Nos primeiros séculos, os neófitos eram batizados com uma tríplice imersão – em honra da Santíssima Trindade – na piscina do batistério, e traziam durante toda a semana seguinte uma túnica branca, como manifestação de não querer voltar a manchar a sua alma com o pecado, depois de purificada com as águas da regeneração. Se tinham a desgraça de cair, recorriam cheios de dor ao Sacramento da Penitência. Mas como eram grandes os seus desejos de santidade, a sua luta estava longe de ser uma luta negativa...! Sentiam-se felizes por terem encontrado a Verdade e o Bem – o Amor de Deus – e desejavam também, como é natural, ir a Deus acompanhados por muitos outros: parentes, amigos, vizinhos, companheiros de ofício... Anunciaram o Evangelho com alegria, e o Senhor concedeu-lhes muito fruto, mas sabemos que em certas ocasiões difundir a mensagem de salvação significou para eles arriscar a vida ou sofrer graves contradições. Contudo, os primeiros cristãos não se detiveram diante dos obstáculos: na sua conduta voltaram muitas vezes a ressoar as palavras pronunciadas por Pedro e João quando os pretendiam calar: “não podemos, pois, deixar de falar das coisas que vimos e ouvimos[2]“.

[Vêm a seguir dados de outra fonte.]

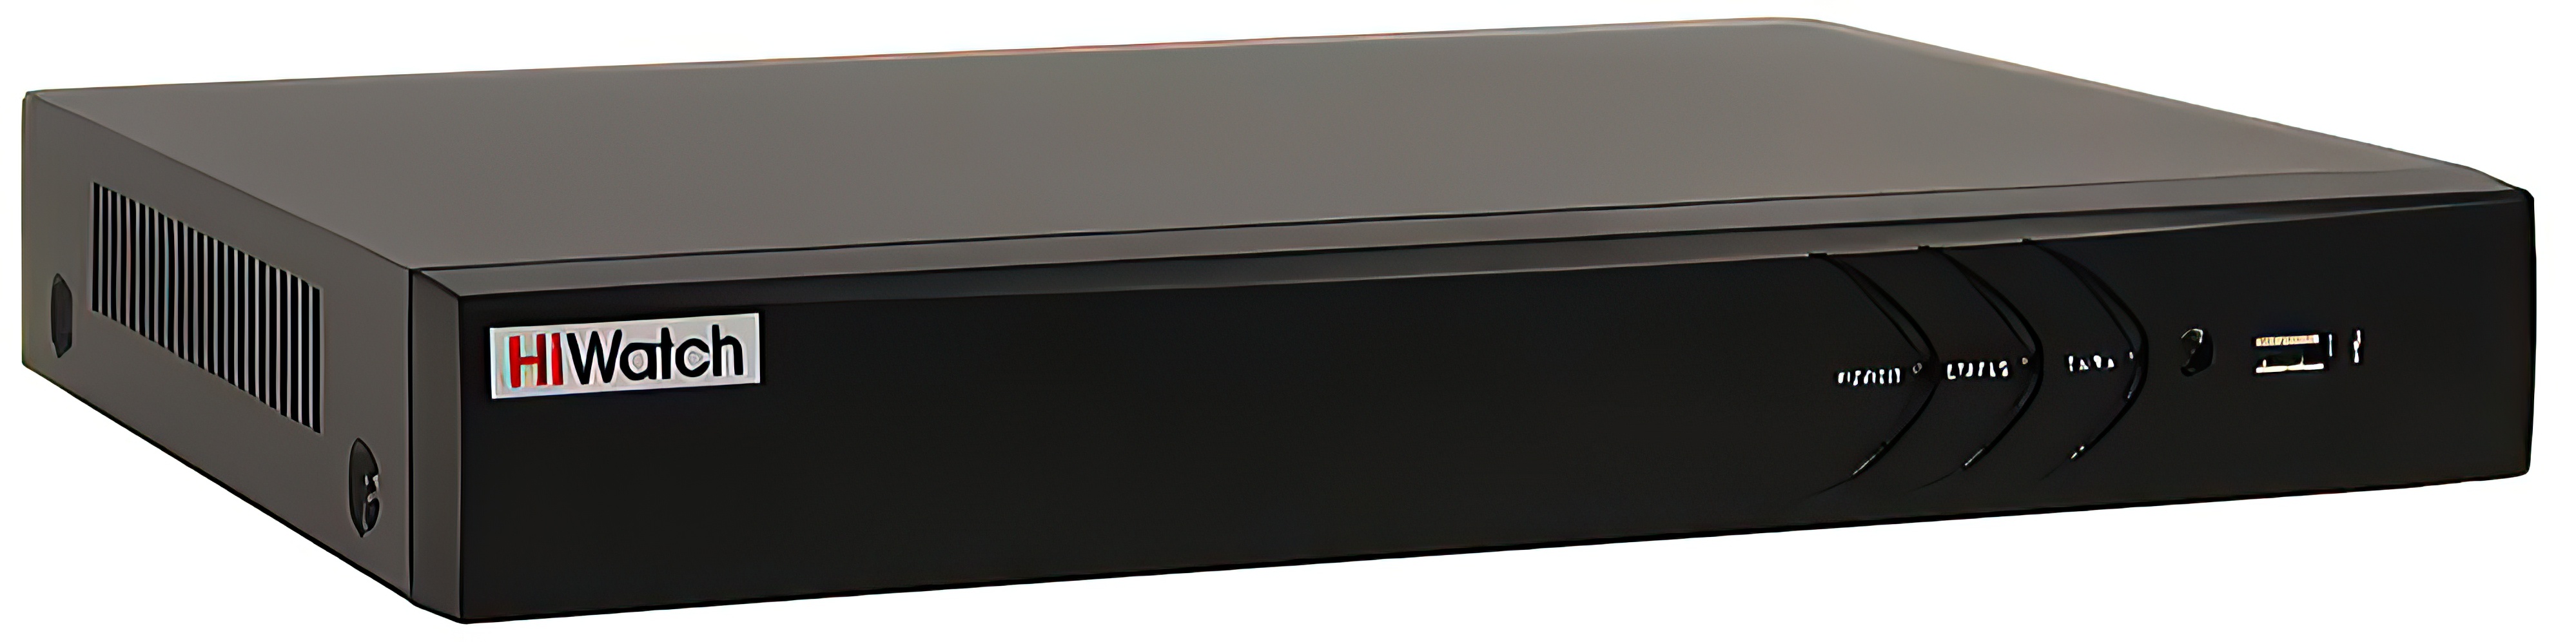 8-канальный гибридный HD-TVI видеорегистратор HiWatch DS-H308QAС гибридный видеорегистратор pst a2116hx

Hoje como ontem cabe aos batizados a tarefa de trabalhar para que a salvação chegue a todas as partes e a todos os homens[3]. Por isso, nós cristãos não só procuramos fazer apostolado pessoal, mas encorajamos também os nossos amigos a serem também eles apóstolos e a se comprometerem na maravilhosa tarefa de aproximar almas a Cristo.

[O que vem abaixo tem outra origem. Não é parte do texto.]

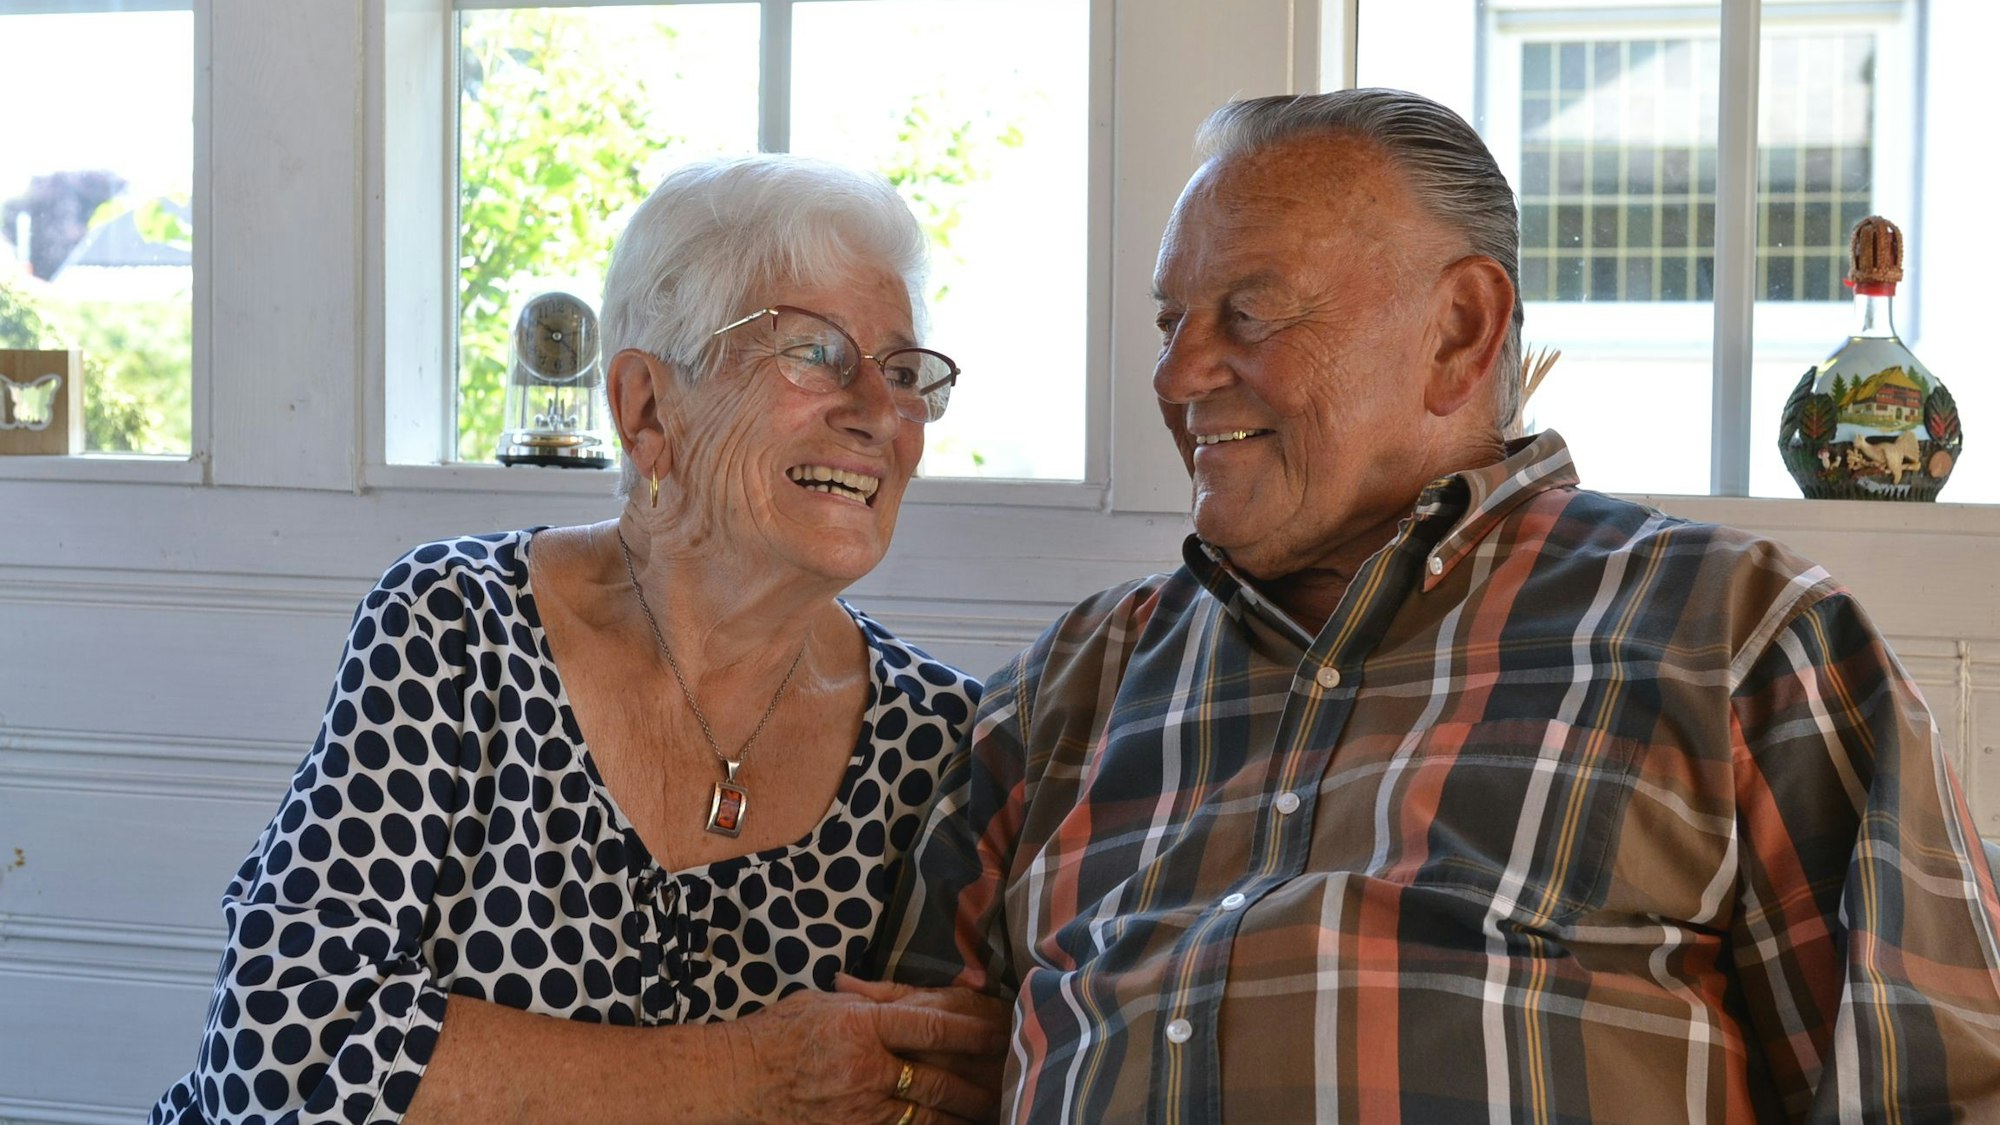 Inge und David Wagner schauen sich auch nach 60 Ehejahren noch verliebt in die Augen.

“Cada um de vós deve procurar ser um apóstolo de apóstolos”[4], escreveu São Josemaria em Caminho. Deus conta com cada um dos cristãos para que “todos os homens se salvem e cheguem ao conhecimento da verdade”[5]. Por isso, é urgente que todos os batizados tomem consciência da sua vocação para a santidade e para o apostolado. Assim aproximarão muitas pessoas da felicidade e serão eles próprios muito felizes, porque encherão de sentido cristão e de esperança qualquer realidade humana: “pelo Batismo, somos portadores da palavra de Cristo, que tranquiliza, que inflama e aquieta as consciências feridas. E para que o Senhor atue em nós, temos que dizer-lhe que estamos dispostos a lutar todos os dias, embora nos vejamos frouxos e inúteis, embora percebamos o peso imenso das nossas misérias e da nossa pobre fraqueza pessoal. Temos de repetir-lhe que confiamos nEle, na sua assistência: se for preciso, como Abraão, contra toda a esperança. Assim trabalharemos com redobrado empenho e ensinaremos os homens a comportar-se com serenidade, livres de ódios, de receios, de ignorâncias, de incompreensões, de pessimismos, porque Deus tudo pode”[6].



[1] Entrevistas com Mons. Josemaria Escrivá, n. 24

[2] Atos dos Apóstolos, 4,20

[3] Cfr. Concílio Vaticano II, Decreto Apostolicam actuositatem, nº 3.

[4] São Josemaria, Caminho, n. 920.

[5] 1 Tm 2, 4.

[6] São Josemaria, Amigos de Deus, n. 210.